You can’t ever be completely certain. But consider this: a Buyer isn’t likely to simply walk away from his deposit. In addition, we recommend that Sellers conduct their own due diligence on Buyers during the due diligence phase of a contract. This might include credit, IRS and reference checks. In addition, it’s normal to request a personal guarantee from the Buyer as part of the security agreement in the Note.
Most owners find that the frustration, expense and time involved do not yield cost savings and many end up working with unqualified buyers. In fact, because they do not have access to a large number of qualified buyers, many owners end up selling their business for much less than they could have received by working with a well-established Intermediary. Plus, owners find it difficult to work directly with buyers while maintaining confidentiality. Selling a business is a specialized trade. It is prudent to seek professional assistance when it comes to selling an asset as valuable as your business.
Sellers benefit from the expertise provided by a professional business broker in various ways. One of the more significant benefits is the ability of the seller to spend their time managing their business during the selling process, thereby maintaining or increasing their cash flow and ultimately maximizing their sales price. Additionally, professional business brokers help sellers:
- Analyze the business, the marketplace and recommend a selling price.

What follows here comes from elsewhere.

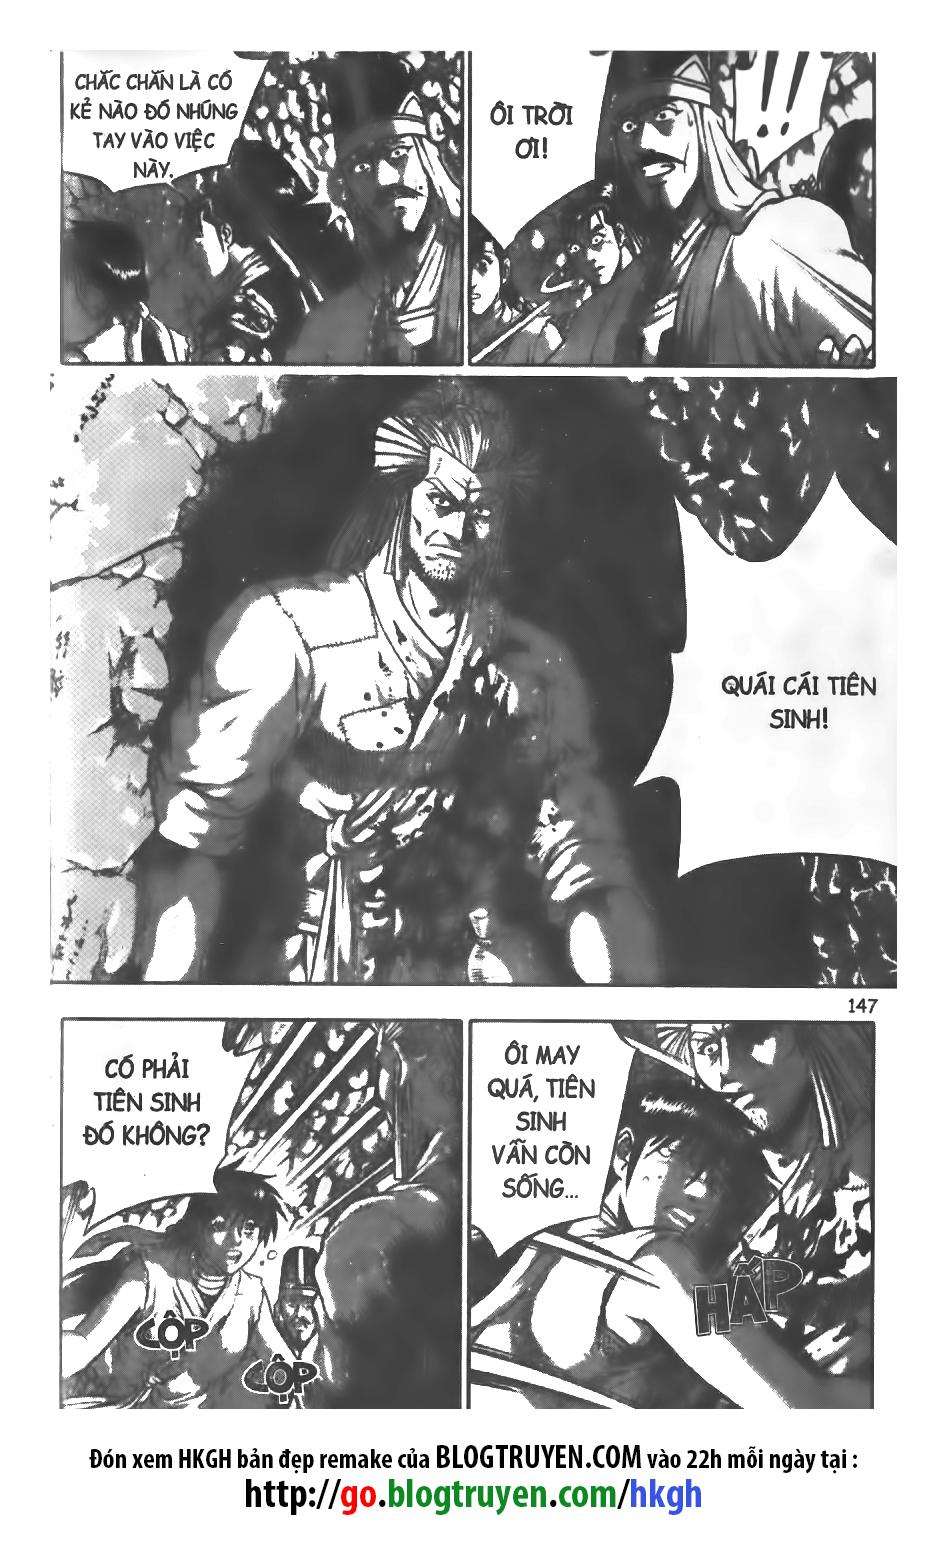 xem truyen moi - Hiệp Khách Giang Hồ Vol47 - Chap 330 - Remake
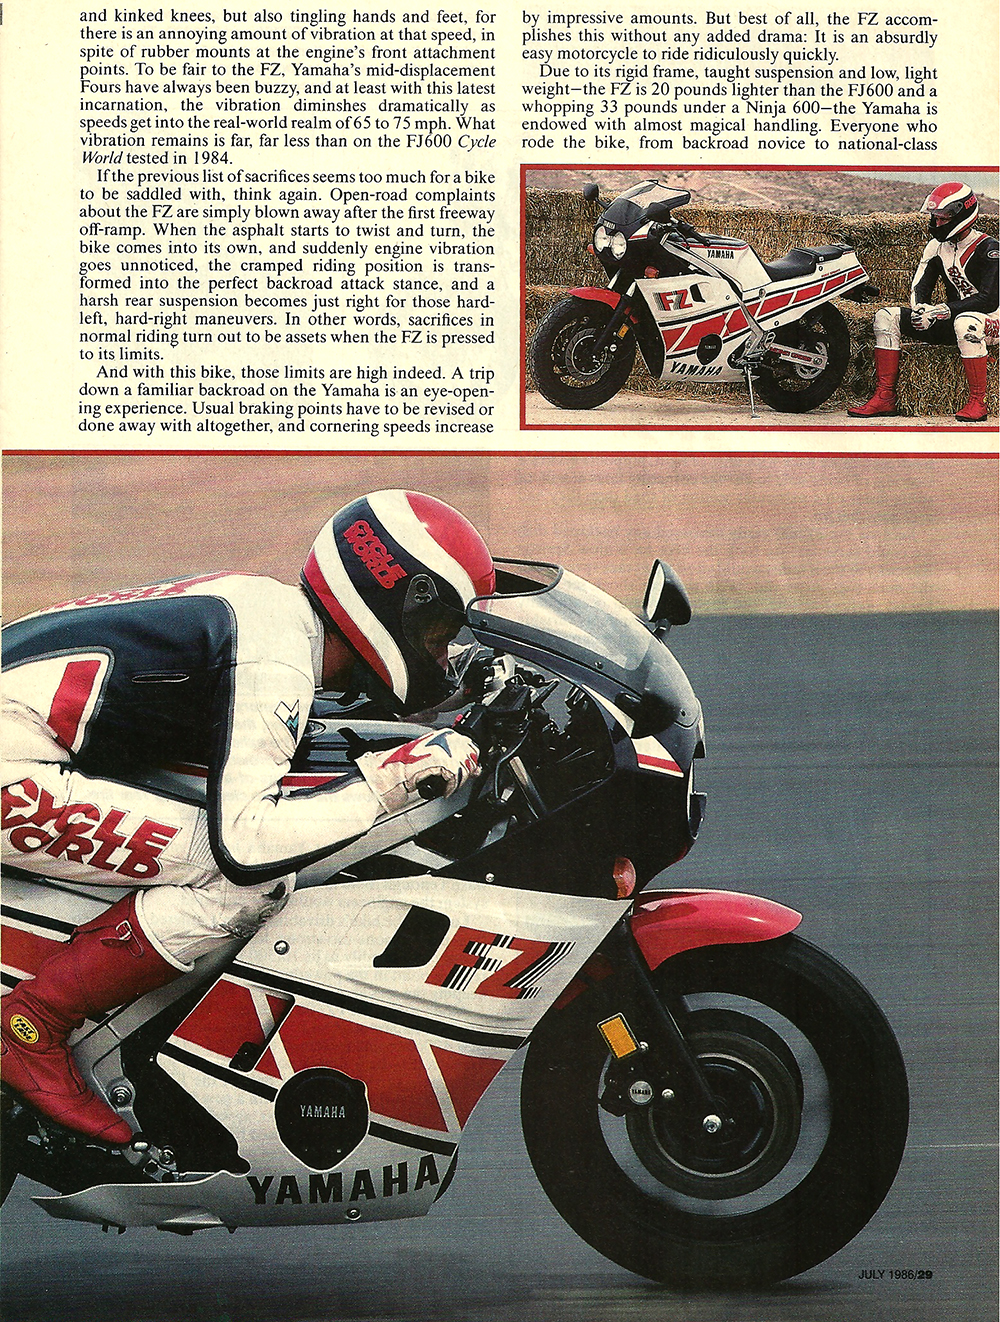 1986 Yamaha FZ600 road test 04.jpg

- Create maximum exposure among buyers through broker networks, advertising and buyer contacts. Screen all buyers to avoid wasting time with unqualified buyers.
- Maintain confidentiality about the sale in order not to alarm customers, employees and suppliers, or giving a market advantage to a competitor.
- Manage the selling process from beginning to end including the coordination of all forms and documents and work alongside professional advisors such as attorneys and accountants.
Professionalism, expertise and a long track record of success that has led to the development of a proven system for selling businesses. Since 1979, VR has sold over 50,000 businesses through our network of national and international offices. VR is the only international network of full-time business broker professionals that focus exclusively on the sale of small to mid-size companies. One clear benefit to sellers is the expansive exposure to prospective buyers through the VR network both nationally and internationally. Additionally, VR is also a member of some of the largest business broker networks to help provide maximum exposure.
Why should I pay a higher commission to a Business Broker than a Real Estate Broker charges to sell my business?
Business brokerage is a highly specialized field comprised of well-trained and experienced professionals. There are numerous differences in selling real estate property and selling an on-going business. A professional business broker must understand how to perform cash flow analysis to best benefit his/her client, maintain complete confidentiality, advertise for results and advise the seller in such vital areas as pricing, terms, offer structure, negotiations, legal issues, and business enhancement prior to offering a business for sale. Only an experienced business broker can perform all these functions to the best advantage of a seller. The standard commission charged is minimal when one considers all the functions necessary to facilitate a smooth and satisfactory transfer of ownership. It is also important to keep in mind that a business usually takes longer to sell versus a home. A recent national survey showed that, on average, it takes 182 days to sell a business.
It is our job to orchestrate process of selling and help you achieve your goal.